Under the terms of the transaction, AbbVie will acquire all outstanding shares of ImmunoGen for $31.26 per share in cash. The transaction values ImmunoGen at a total equity value of approximately $10.1 billion. The boards of directors of both companies have approved the transaction. This transaction is expected to close in the middle of 2024, subject to ImmunoGen shareholder approval, regulatory approvals, and other customary closing conditions.
“The acquisition of ImmunoGen demonstrates our commitment to deliver on our long-term growth strategy and enables AbbVie to further diversify our oncology pipeline across solid tumors and hematologic malignancies,” said Richard A. Gonzalez, chairman and chief executive officer, AbbVie. “Together, AbbVie and ImmunoGen have the potential to transform the standard of care for people living with cancer.”
ImmunoGen’s oncology portfolio has the potential to help drive long-term revenue growth for AbbVie’s oncology franchise. Ovarian cancer is the leading cause of death from gynecological cancers in the U.S. ELAHERE is the first targeted medicine to show meaningful survival benefit in PROC. As a fast-growing solid tumor therapy, ELAHERE provides AbbVie with a potential multi-billion-dollar on-market medicine with expansion opportunities in earlier lines of therapy and larger segments of the ovarian cancer market.

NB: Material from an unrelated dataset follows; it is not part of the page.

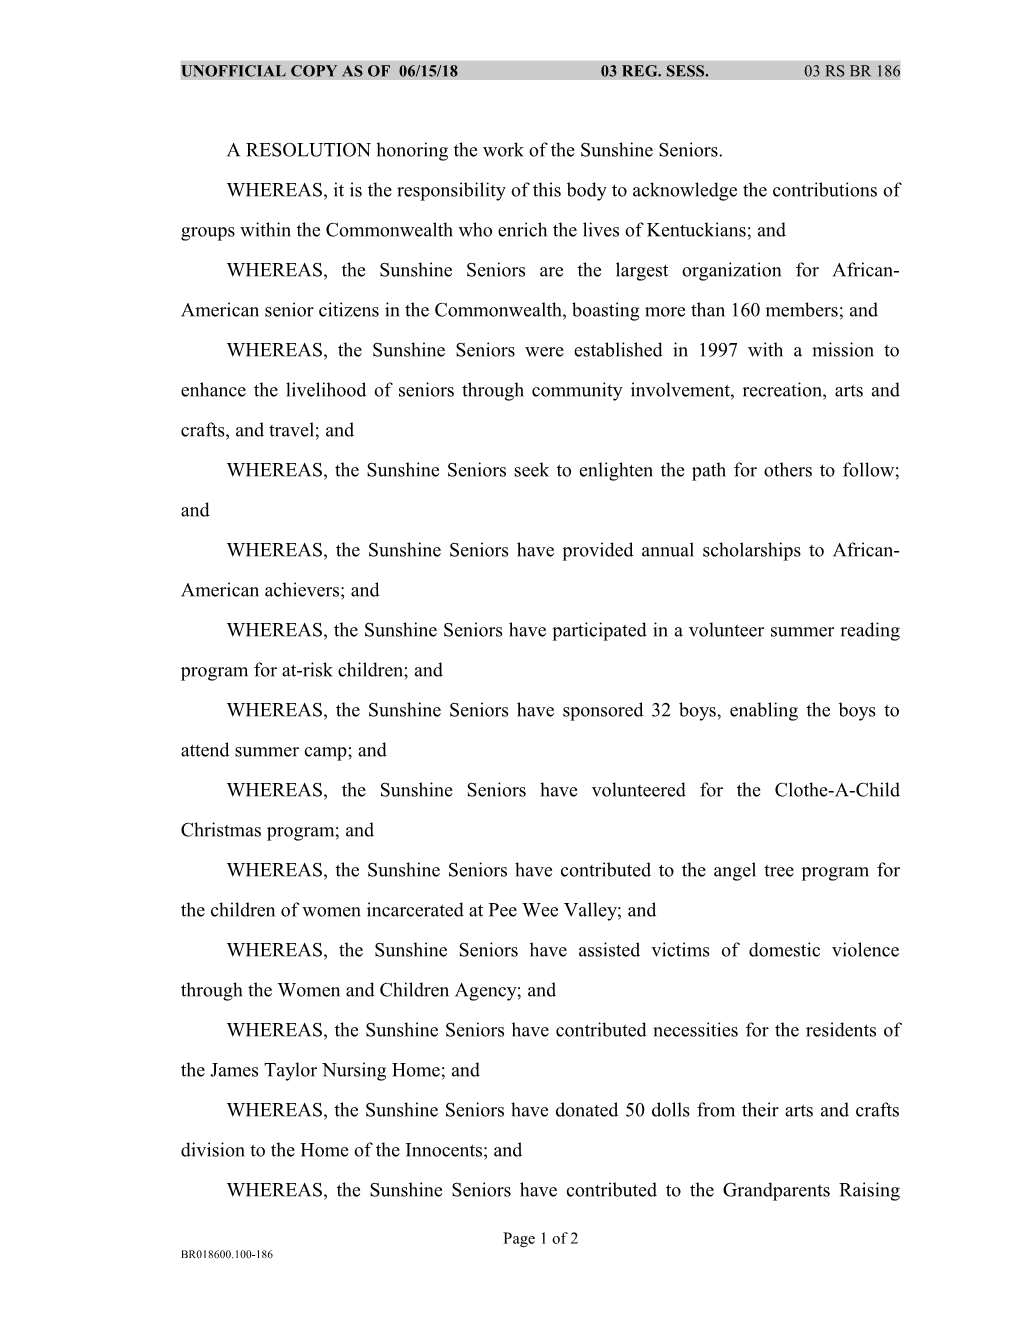 A RESOLUTION Honoring the Work of the Sunshine Seniors

“With global commercial infrastructure and deep clinical and regulatory expertise, AbbVie is the right company to accelerate geographic and label expansion, and realize the full potential of ELAHERE as the first and only ADC approved in ovarian cancer,” said Mark Enyedy, president and chief executive officer, ImmunoGen. “The addition of ImmunoGen’s pipeline, platform, and expertise to AbbVie’s oncology portfolio is an exciting opportunity for the combined companies to advance innovation in ADCs. This transaction is the culmination of our 40-year commitment to develop and deliver the next-generation of ADCs and more good days for people living with cancer.”

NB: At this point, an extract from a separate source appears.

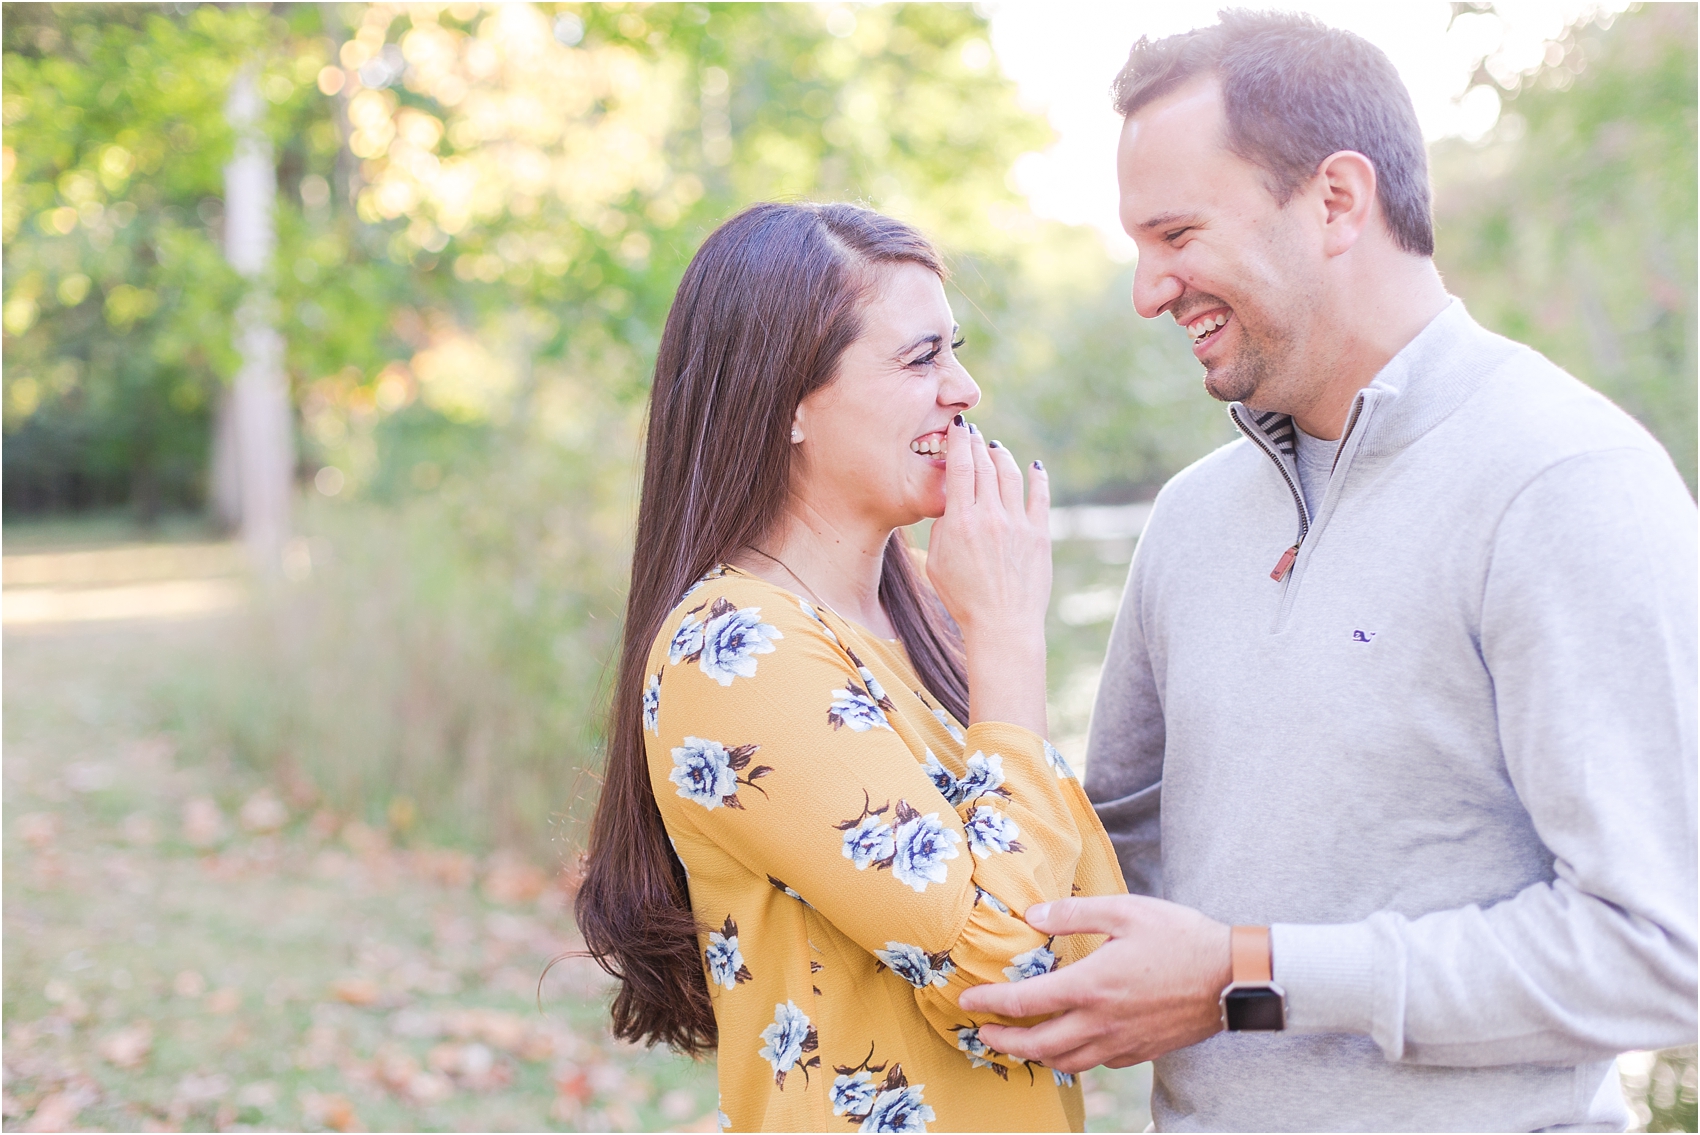 relaxed-autumn-engagement-photos-at-hudson-mills-metropark-in-dexter-mi-by-courtney-carolyn-photography_0035.jpg

ELAHERE is a first-in-class ADC targeting folate receptor alpha (FRα) with a maytansinoid payload DM4, a potent tubulin inhibitor designed to kill the targeted cancer cells. ELAHERE received U.S. Food and Drug Administration (FDA) accelerated approval in 2022 for the treatment of adult patients with FRα positive, platinum-resistant epithelial ovarian, fallopian tube, or primary peritoneal cancer, who have received one to three prior systemic treatment regimens. The positive Phase 3 results from the MIRASOL confirmatory trial will support a Marketing Authorization Application (MAA) to the European Union and a supplemental Biologic License Application (sBLA) submission to the U.S. FDA in order to gain full approval. Ongoing clinical development programs are underway to expand into earlier lines of therapy and enter other large patient segments of the ovarian market over the next 5-10 years.
ImmunoGen’s follow-on pipeline of promising next-generation ADCs expands AbbVie’s growing oncology pipeline of potentially transformative programs across multiple different solid tumors and hematologic malignancies. ImmunoGen’s Phase 1 asset, IMGN-151, is a next-generation anti-FRα ADC for ovarian cancer with the potential for expansion into other solid tumor indications. Pivekimab sunirine, currently in Phase 2, is an anti-CD123 ADC targeting blastic plasmacytoid dendritic cell neoplasm (BPDCN), a rare blood cancer, which was granted FDA breakthrough therapy designation for the treatment of relapsed/refractory BPDCN.